LEGITIMACY OF CIVIL SOCIETY IN UGANDA

Published by Patra K on

Legitimacy of Civil Society in Uganda

Civil society leaders in Uganda. (Photo courtesy of PML Daily)

In the contemporary world, it is impossible to talk about democracy without talking about the role of civil society. Speaking on ACFIM’s newest virtual talk show, “The Other Perspective” Henry Muguzi, Executive Director- ACFIM and political finance expert described civil society as part of the citizenry that emerges as a result of oppression from the government. He further defined the sector as a space where citizens express their pleasure or displeasure on matters of governance and management of public affairs.

The notion of civil society is not new but has recently gained traction in many countries around the world. A lot of allegations from regime apologists in Uganda tend to misrepresent civil society agents as self-seeking persons pursuing foreign interests. Each time civil society tries to expose the deficits in accountability and governance, they are accused of being agents of foreign interests.
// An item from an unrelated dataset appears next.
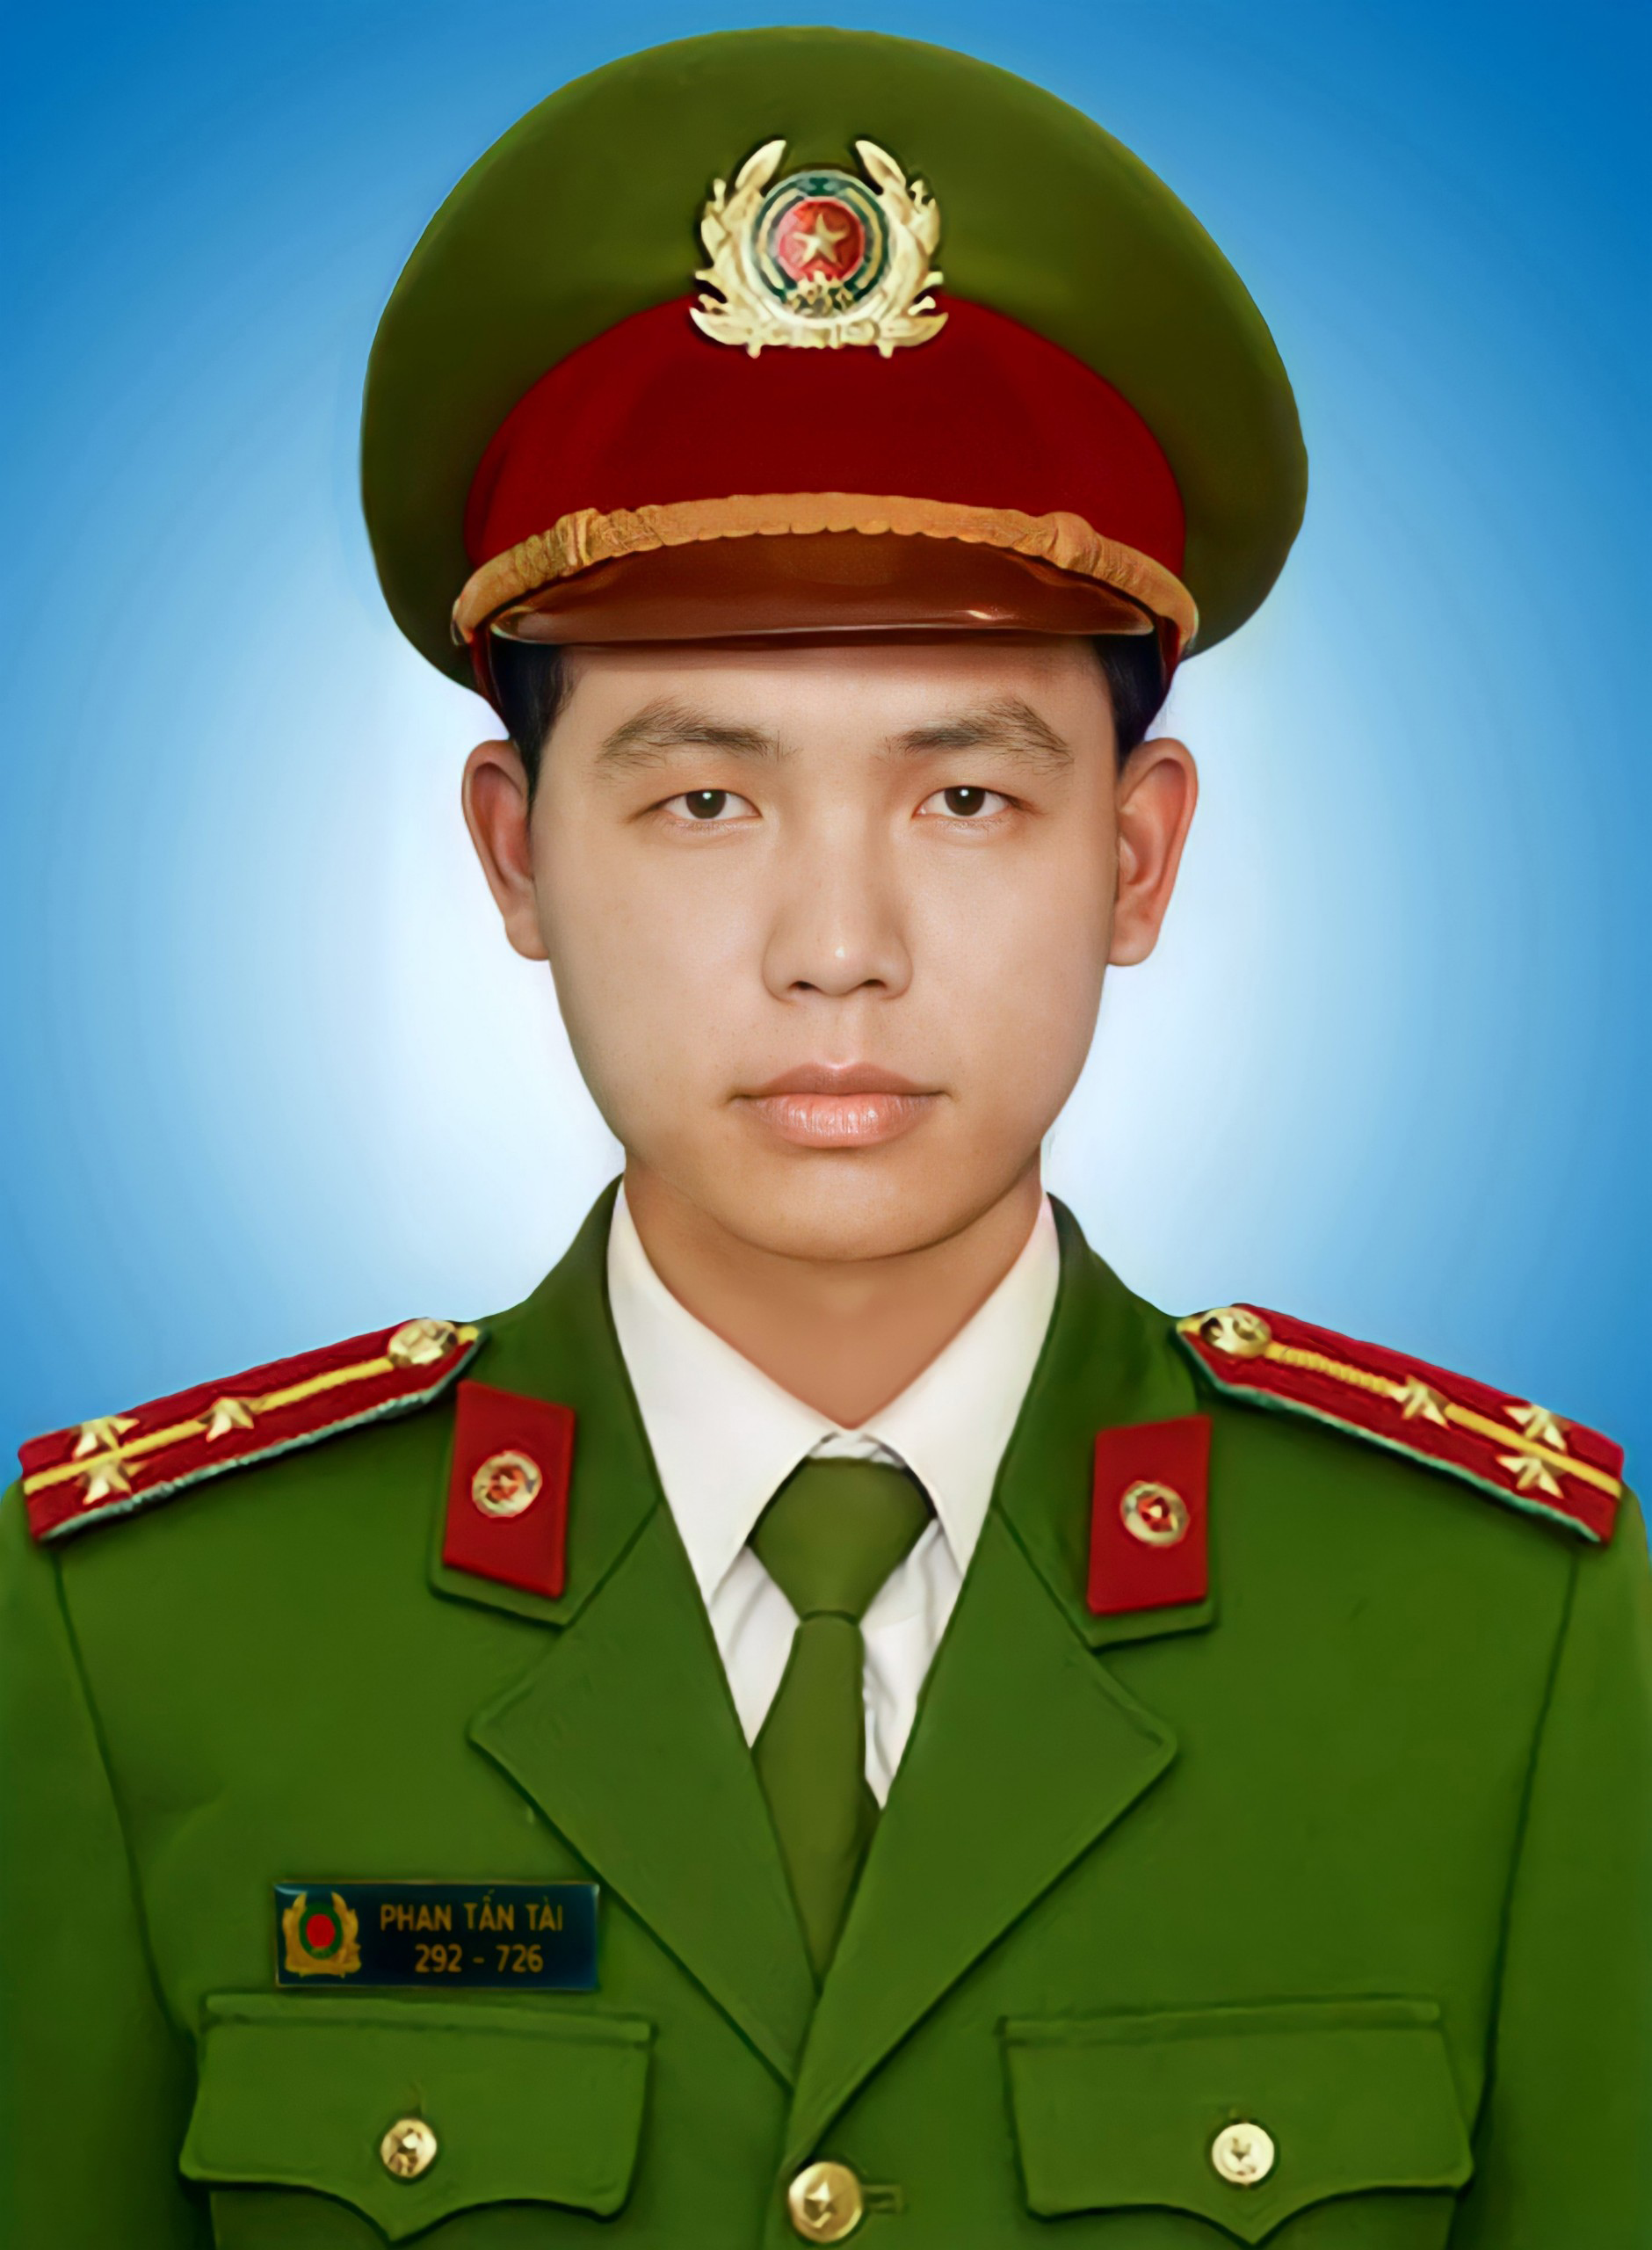 Thủ tướng đề nghị truy tặng Huân chương Chiến công cho Thượng úy Phan Tấn Tài - Ảnh 1.

Civil society existed in Uganda even before independence but mainly engaged on issues of equity, rights, and economic development. After 1986, civil society focused on social and economic issues not political because, at that time, social services had been broken down due to the turmoil Uganda experienced.
At the advent of multi-party politics from 2005 onwards, arose the need for inclusive governance. There was a new narrative under a multi-party dispensation on how to engage and check government, have alternative voices accommodated hence the surge of civil society actors focusing on political issues around rights, governance, transparency, and accountability.

According to Mr.Muguzi, he believes that if public affairs were being managed in a way & manner that citizens & taxpayers are satisfied with and if the country had responsive individuals in public officers linked to the needs of the citizenry, there would be no need for civil society.

Ugandans admittedly believe that the main challenge the country faces is governance. Felix Kafuuma, a civil society activist and Programme director ACFIM stated that civil society emerges to address the need at a time and the need right now is around governance. This is the reason many CSOs engaging on governance issues and government is uncomfortable about it.

There has been a transition of civil society engaging in economic social rights to a space more active on issues around political rights. Uganda has over 14,000 NGOs and a good number of those engage in governance.
The state has therefore started to police civil society curtailing the autonomy in which civil society should operate. This has forced a number of civil society organizations to go into self-censorship due to actions of government that scale down their activities.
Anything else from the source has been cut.